Феликс Розинер – Избранное (страница 108)
Тридцать первый трамвай был пустым. Я ехал в сторону швартовки пиратского корабля в те утренние часы, когда пассажирская ниагара вдруг иссякает, и транспортные артерии опадают, скукоживаясь подобно пожарным шлангам, когда перекрывают кран и из брандспойта не бьет, а сопливо сочится, — не знаю, насколько удачны это сопливо и это сочится, но, думаю, раз оба слова сами собой написались, то в них всплыла, конечно же, память о насморке, который, видимо, был у меня тогда, в дни необычайно морозные. Трамвай был пуст и холоден, замерзший после перехода через ветреную Дворцовую, сидел я на лавке, когда уже где-то за Садовой вошла и села напротив девушка.
Должен оговориться, что я, возможно, домысливаю происходившее, поскольку я не видел, как она вошла и села, точнее надо сказать, что в трамвае
…возникла девушка поразительной красоты. Сколь прекрасна она была, я почувствовал немедленно — в области сердца сжалось, как в момент острейшего приступа, я попытался вздохнуть, с усилием отвел от девушки глаза, и мои голосовые связки пришли в неслышимое движение — у меня всегда при виде волнующих меня женщин возникает непроизвольное желание запеть, как бы с равнодушием, я стараюсь, по всей вероятности, заместить одни эмоции другими в попытке сохранить душевную устойчивость и тем самым свою независимость от случайных внешних влияний. Я замечал при этом, что характер возникшей в сознании музыки обычно соответствовал раздражителю, и, например, какая-нибудь вульгарная, но привлекательная особа неожиданно заставляла меня замурлыкать опереточный каскад «Частица черта в нас заключена подчас…» Трамвай мерно постукивал, двухколесные его тележки отбивали свои два неспешных удара, на
Она сидела передо мной, и благодаря продольному устройству лавок я мог смотреть на нее без того, чтобы взгляд мой производил впечатление бесцеремонности. И все же я был крайне смущен, чувствуя, как притягивает меня лицо девушки.
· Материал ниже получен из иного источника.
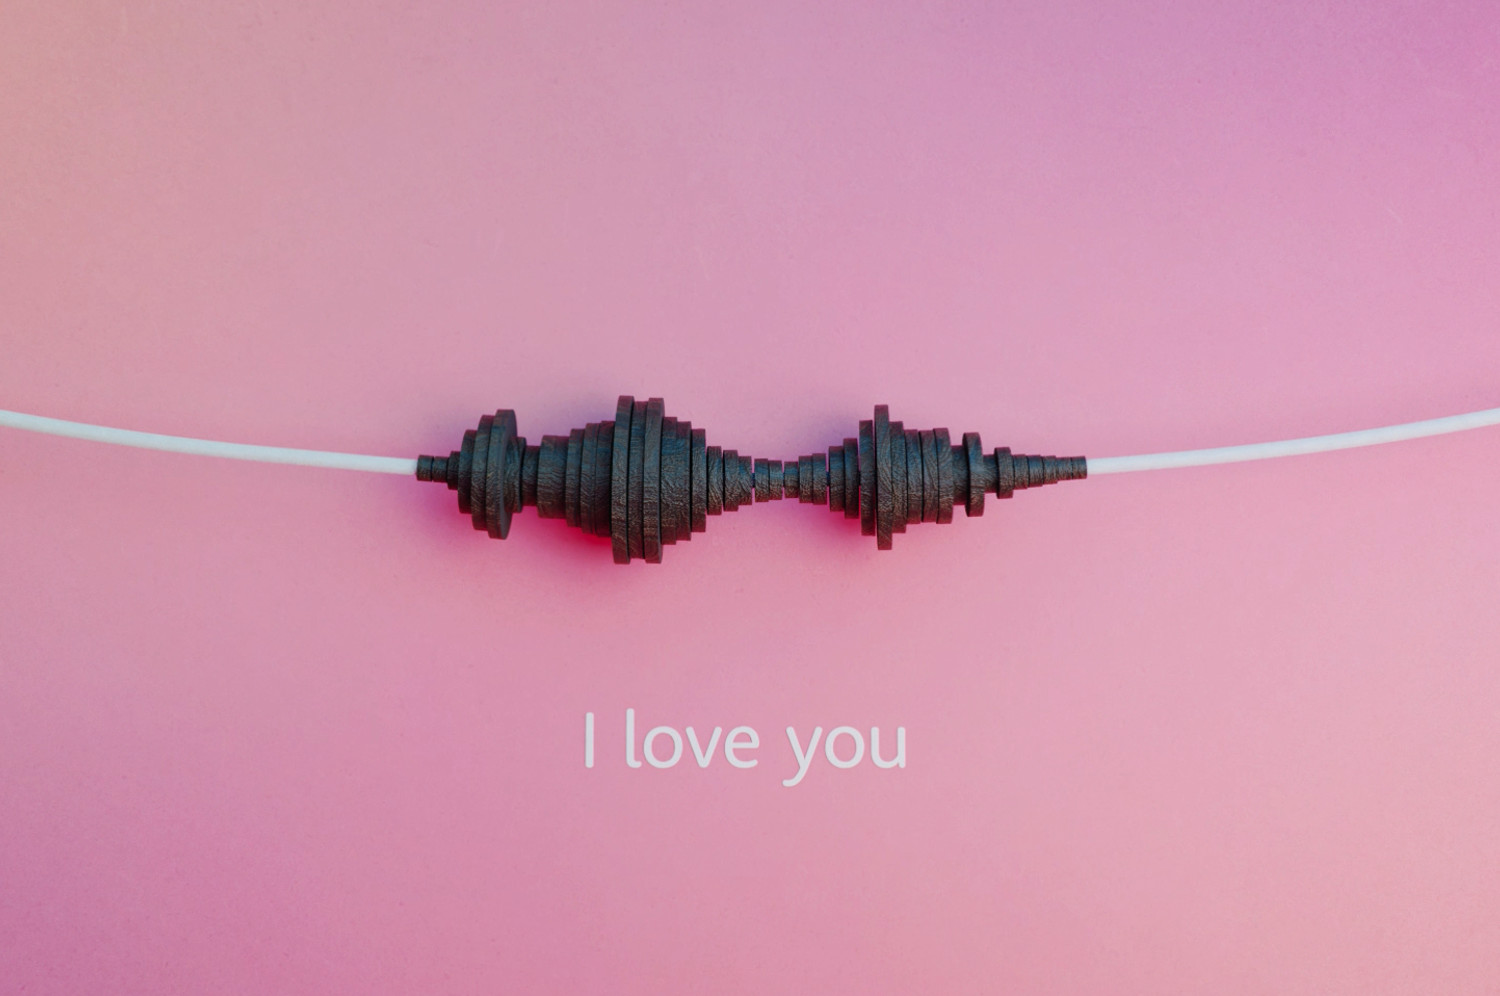 "I love you" - Vorschau einer Soundwave-Kette zum Thema "Digitale Kunst: David Bizer verwandelt Töne in Schmuck"

Несколько раз глаза наши встретились… ее юные щеки порозовели слегка…
— О счастье! — восклицает здесь мое сентиментальное литературное сердце, — отводя от нее восхищенные взоры, как радостно мне замечать, что в эти краткие мгновения она с тайной пристальностью взглядывает на меня и тотчас же опускает очи, когда я, уступая трепещущему в груди нетерпению, обращаюсь опять к созерцанию ее милого личика!.. Но
Теперь я могу быть уверен, что, съединив в одно поэзию и прозу, музыку, живопись и скульптуру, искусства выразительные и изобразительные, пространственные и временные, воссоздал образ прекрасной Марии, и ему суждено волновать людей уже независимо от моей воли, равно как и вне зависимости от того, будет ли Мария что-либо знать об этом. Скорей всего, не будет никогда, ведь даже если мое писание когда-то и где-то увидит свет, невозможно представить себе, что достигнет оно Ленинграда, а в нем, в этом городе, очень дисциплинированном, достигнет оно Марии.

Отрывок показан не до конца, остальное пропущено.